NEAL CONAN, host:
It's Tuesday, the day we read from your e-mails.
Last week we previewed a new series from Marvel Comics about a superhero civil war, the likes of Iron Man and Captain America are required by the government to unmask and register. Some refuse and the split turns hero against hero.
That brought this observation from Samantha Wells from Boca Raton, in Florida.
Comic heroes are no longer the superficial white hats against the bad guys. They often include complex characters with varied pasts and backgrounds. They have distinct personalities. They are people haunted by their mistakes and taking joy in their successes. They also provide a wonderful metaphor for our lives, be it political, social, economic, or personal.
We also talked last week about all the personal information that's available online about most of us. Just type your name into Google and see what comes up.
Linda Mitchell is a professor in Alfred, New York. She found herself and her colleagues online at rateyourprofessor.com.
As you can imagine, she wrote, the information on this site is pretty awful. My conversations with students suggest that the vast majority of postings come from disgruntled students. Fortunately, comments from the site are not yet fodder for tenure discussions. But, I admit, that I worry about things like that.
CONAN: Another listener Googled himself and had a different kind of story.
I found some things I had written, he wrote. But what I really found was an incredible wealth of family history. My grandfather's first-hand account of his World War II experience is online. I'd heard bits and pieces of my grandfather's experience, but never the whole account.
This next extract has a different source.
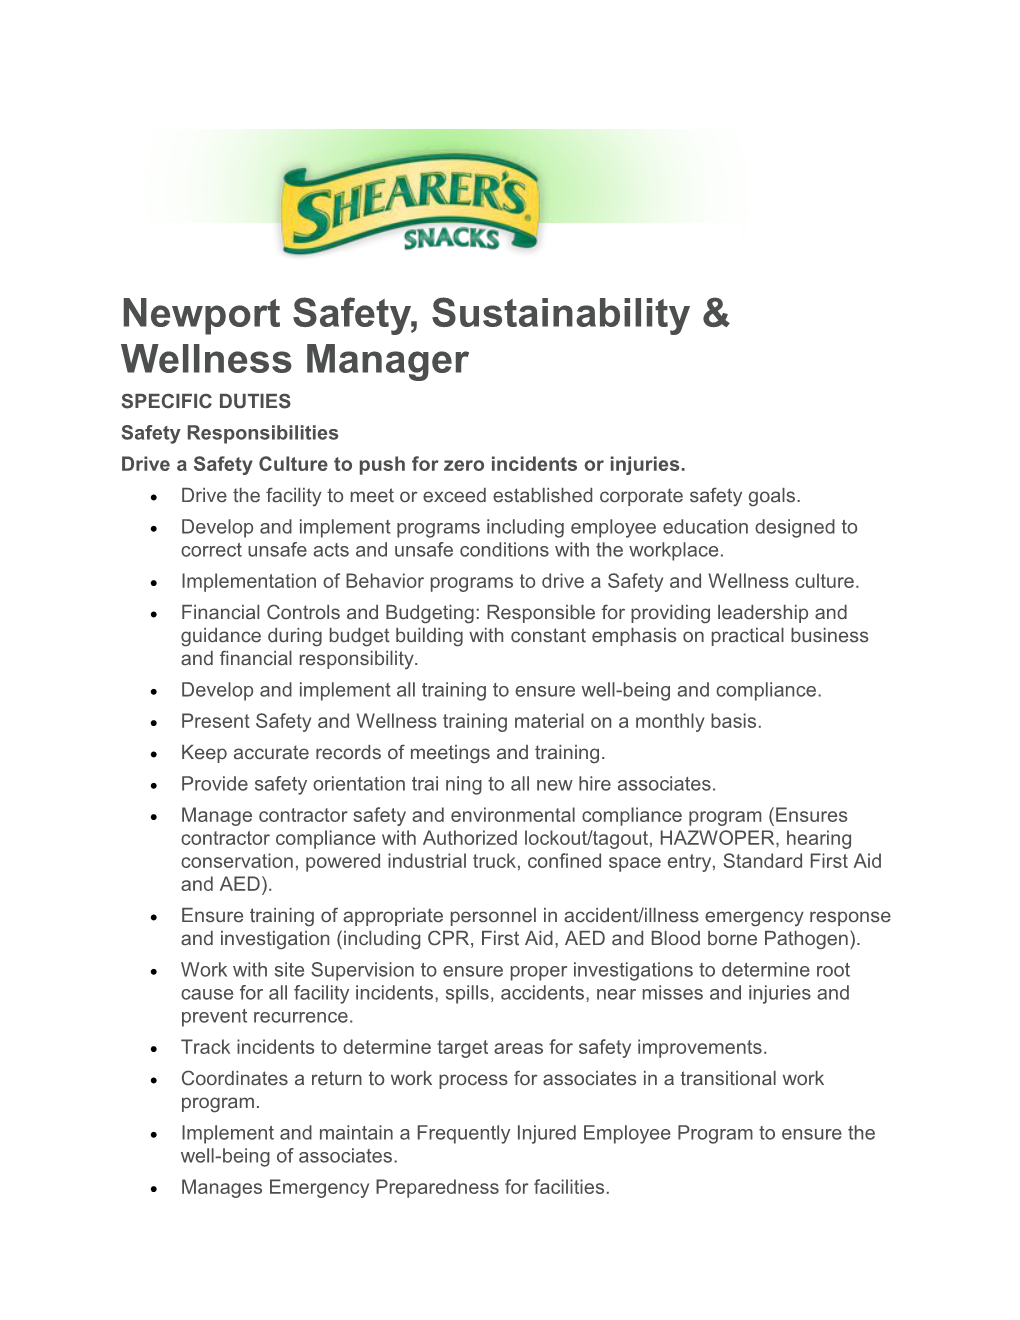 Newport Safety, Sustainability & Wellness Manager

In our TALK OF THE NATION Opinion Page this week, writer Ariel Dorfman(ph) talked about the debate over singing the National Anthem in Spanish. He says, “Get used to it. America's becoming a bi-lingual country.
That notion did not sit well with Amy Jorgensen(ph).
Even multi-language countries have an official language, she wrote. We have to find something, somewhere, somehow, that all citizens can have in common, culturally. It seems like the National Anthem is a reasonable place to start. We are enriched by immigrants and their culture, but I don't see the basic human right associated with having an alternative National Anthem.
Dave Sharamey(ph), in Louisiana, doesn't understand what all the fuss is about.
What's the big deal about another version of the Star Spangled Banner? In French-speaking south Louisiana, not only do we have a Cajun version of the National Anthem, we even have a French version of the Pledge of Allegiance.